What this task involves
Give back each line of the data exactly.

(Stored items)
+===+

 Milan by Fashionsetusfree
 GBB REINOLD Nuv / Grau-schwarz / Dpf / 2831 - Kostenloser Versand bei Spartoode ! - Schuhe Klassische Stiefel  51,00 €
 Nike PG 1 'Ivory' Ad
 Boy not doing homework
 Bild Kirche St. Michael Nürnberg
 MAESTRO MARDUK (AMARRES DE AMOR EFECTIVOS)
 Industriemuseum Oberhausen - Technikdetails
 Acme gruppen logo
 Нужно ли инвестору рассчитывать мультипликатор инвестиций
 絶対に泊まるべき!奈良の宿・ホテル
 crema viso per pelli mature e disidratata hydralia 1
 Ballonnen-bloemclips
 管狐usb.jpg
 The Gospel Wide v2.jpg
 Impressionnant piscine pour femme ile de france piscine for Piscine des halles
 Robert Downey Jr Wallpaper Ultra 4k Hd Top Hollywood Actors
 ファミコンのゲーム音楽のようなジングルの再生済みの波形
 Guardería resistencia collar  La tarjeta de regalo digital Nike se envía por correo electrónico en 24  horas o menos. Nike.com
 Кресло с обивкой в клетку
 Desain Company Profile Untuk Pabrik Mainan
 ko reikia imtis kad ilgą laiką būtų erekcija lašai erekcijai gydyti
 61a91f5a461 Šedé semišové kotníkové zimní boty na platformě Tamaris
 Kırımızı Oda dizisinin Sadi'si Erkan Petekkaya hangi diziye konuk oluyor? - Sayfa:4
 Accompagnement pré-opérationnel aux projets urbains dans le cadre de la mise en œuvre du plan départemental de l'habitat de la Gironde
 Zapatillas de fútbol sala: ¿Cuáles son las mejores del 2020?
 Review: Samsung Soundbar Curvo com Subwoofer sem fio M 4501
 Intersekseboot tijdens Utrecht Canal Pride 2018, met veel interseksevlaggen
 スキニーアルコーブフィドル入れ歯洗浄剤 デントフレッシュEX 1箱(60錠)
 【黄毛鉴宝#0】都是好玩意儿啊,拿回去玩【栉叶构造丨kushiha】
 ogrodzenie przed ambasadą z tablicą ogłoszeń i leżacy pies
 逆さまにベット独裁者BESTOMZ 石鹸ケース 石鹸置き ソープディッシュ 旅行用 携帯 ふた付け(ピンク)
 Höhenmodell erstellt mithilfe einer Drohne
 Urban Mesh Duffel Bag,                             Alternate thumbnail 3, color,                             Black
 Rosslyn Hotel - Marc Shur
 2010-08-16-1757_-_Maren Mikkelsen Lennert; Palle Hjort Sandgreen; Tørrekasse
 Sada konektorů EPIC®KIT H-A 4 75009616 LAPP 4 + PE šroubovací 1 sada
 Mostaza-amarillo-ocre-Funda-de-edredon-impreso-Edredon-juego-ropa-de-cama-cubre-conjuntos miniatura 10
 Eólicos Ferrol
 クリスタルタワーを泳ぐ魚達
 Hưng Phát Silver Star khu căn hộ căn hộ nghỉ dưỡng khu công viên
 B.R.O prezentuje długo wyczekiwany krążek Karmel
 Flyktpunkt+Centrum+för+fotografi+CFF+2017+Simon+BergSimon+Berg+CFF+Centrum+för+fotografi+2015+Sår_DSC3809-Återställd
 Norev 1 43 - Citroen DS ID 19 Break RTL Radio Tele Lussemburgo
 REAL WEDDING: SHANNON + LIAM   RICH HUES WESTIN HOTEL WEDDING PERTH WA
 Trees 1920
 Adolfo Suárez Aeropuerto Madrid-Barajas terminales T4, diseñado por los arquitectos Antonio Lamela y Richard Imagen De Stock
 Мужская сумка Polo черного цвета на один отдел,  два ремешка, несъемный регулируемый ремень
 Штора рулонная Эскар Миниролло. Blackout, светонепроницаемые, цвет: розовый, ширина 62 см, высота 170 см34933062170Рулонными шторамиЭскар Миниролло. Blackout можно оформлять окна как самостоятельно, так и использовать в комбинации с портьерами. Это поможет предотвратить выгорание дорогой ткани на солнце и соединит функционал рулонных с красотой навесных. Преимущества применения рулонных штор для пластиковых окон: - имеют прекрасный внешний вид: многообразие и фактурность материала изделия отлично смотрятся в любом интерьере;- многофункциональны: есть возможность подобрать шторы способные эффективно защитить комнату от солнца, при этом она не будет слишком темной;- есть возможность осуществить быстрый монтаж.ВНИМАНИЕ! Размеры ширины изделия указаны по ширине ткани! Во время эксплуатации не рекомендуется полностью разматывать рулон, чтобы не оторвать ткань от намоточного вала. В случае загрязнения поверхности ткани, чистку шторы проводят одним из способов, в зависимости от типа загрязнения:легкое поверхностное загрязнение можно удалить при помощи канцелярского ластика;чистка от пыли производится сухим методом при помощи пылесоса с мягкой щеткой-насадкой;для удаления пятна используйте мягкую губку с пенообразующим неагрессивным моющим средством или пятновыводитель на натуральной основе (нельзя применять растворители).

+===+

Answer
 Milan by Fashionsetusfree
 GBB REINOLD Nuv / Grau-schwarz / Dpf / 2831 - Kostenloser Versand bei Spartoode ! - Schuhe Klassische Stiefel  51,00 €
 Nike PG 1 'Ivory' Ad
 Boy not doing homework
 Bild Kirche St. Michael Nürnberg
 MAESTRO MARDUK (AMARRES DE AMOR EFECTIVOS)
 Industriemuseum Oberhausen - Technikdetails
 Acme gruppen logo
 Нужно ли инвестору рассчитывать мультипликатор инвестиций
 絶対に泊まるべき!奈良の宿・ホテル
 crema viso per pelli mature e disidratata hydralia 1
 Ballonnen-bloemclips
 管狐usb.jpg
 The Gospel Wide v2.jpg
 Impressionnant piscine pour femme ile de france piscine for Piscine des halles
 Robert Downey Jr Wallpaper Ultra 4k Hd Top Hollywood Actors
 ファミコンのゲーム音楽のようなジングルの再生済みの波形
 Guardería resistencia collar  La tarjeta de regalo digital Nike se envía por correo electrónico en 24  horas o menos. Nike.com
 Кресло с обивкой в клетку
 Desain Company Profile Untuk Pabrik Mainan
 ko reikia imtis kad ilgą laiką būtų erekcija lašai erekcijai gydyti
 61a91f5a461 Šedé semišové kotníkové zimní boty na platformě Tamaris
 Kırımızı Oda dizisinin Sadi'si Erkan Petekkaya hangi diziye konuk oluyor? - Sayfa:4
 Accompagnement pré-opérationnel aux projets urbains dans le cadre de la mise en œuvre du plan départemental de l'habitat de la Gironde
 Zapatillas de fútbol sala: ¿Cuáles son las mejores del 2020?
 Review: Samsung Soundbar Curvo com Subwoofer sem fio M 4501
 Intersekseboot tijdens Utrecht Canal Pride 2018, met veel interseksevlaggen
 スキニーアルコーブフィドル入れ歯洗浄剤 デントフレッシュEX 1箱(60錠)
 【黄毛鉴宝#0】都是好玩意儿啊,拿回去玩【栉叶构造丨kushiha】
 ogrodzenie przed ambasadą z tablicą ogłoszeń i leżacy pies
 逆さまにベット独裁者BESTOMZ 石鹸ケース 石鹸置き ソープディッシュ 旅行用 携帯 ふた付け(ピンク)
 Höhenmodell erstellt mithilfe einer Drohne
 Urban Mesh Duffel Bag,                             Alternate thumbnail 3, color,                             Black
 Rosslyn Hotel - Marc Shur
 2010-08-16-1757_-_Maren Mikkelsen Lennert; Palle Hjort Sandgreen; Tørrekasse
 Sada konektorů EPIC®KIT H-A 4 75009616 LAPP 4 + PE šroubovací 1 sada
 Mostaza-amarillo-ocre-Funda-de-edredon-impreso-Edredon-juego-ropa-de-cama-cubre-conjuntos miniatura 10
 Eólicos Ferrol
 クリスタルタワーを泳ぐ魚達
 Hưng Phát Silver Star khu căn hộ căn hộ nghỉ dưỡng khu công viên
 B.R.O prezentuje długo wyczekiwany krążek Karmel
 Flyktpunkt+Centrum+för+fotografi+CFF+2017+Simon+BergSimon+Berg+CFF+Centrum+för+fotografi+2015+Sår_DSC3809-Återställd
 Norev 1 43 - Citroen DS ID 19 Break RTL Radio Tele Lussemburgo
 REAL WEDDING: SHANNON + LIAM   RICH HUES WESTIN HOTEL WEDDING PERTH WA
 Trees 1920
 Adolfo Suárez Aeropuerto Madrid-Barajas terminales T4, diseñado por los arquitectos Antonio Lamela y Richard Imagen De Stock
 Мужская сумка Polo черного цвета на один отдел,  два ремешка, несъемный регулируемый ремень
 Штора рулонная Эскар Миниролло. Blackout, светонепроницаемые, цвет: розовый, ширина 62 см, высота 170 см34933062170Рулонными шторамиЭскар Миниролло. Blackout можно оформлять окна как самостоятельно, так и использовать в комбинации с портьерами. Это поможет предотвратить выгорание дорогой ткани на солнце и соединит функционал рулонных с красотой навесных. Преимущества применения рулонных штор для пластиковых окон: - имеют прекрасный внешний вид: многообразие и фактурность материала изделия отлично смотрятся в любом интерьере;- многофункциональны: есть возможность подобрать шторы способные эффективно защитить комнату от солнца, при этом она не будет слишком темной;- есть возможность осуществить быстрый монтаж.ВНИМАНИЕ! Размеры ширины изделия указаны по ширине ткани! Во время эксплуатации не рекомендуется полностью разматывать рулон, чтобы не оторвать ткань от намоточного вала. В случае загрязнения поверхности ткани, чистку шторы проводят одним из способов, в зависимости от типа загрязнения:легкое поверхностное загрязнение можно удалить при помощи канцелярского ластика;чистка от пыли производится сухим методом при помощи пылесоса с мягкой щеткой-насадкой;для удаления пятна используйте мягкую губку с пенообразующим неагрессивным моющим средством или пятновыводитель на натуральной основе (нельзя применять растворители).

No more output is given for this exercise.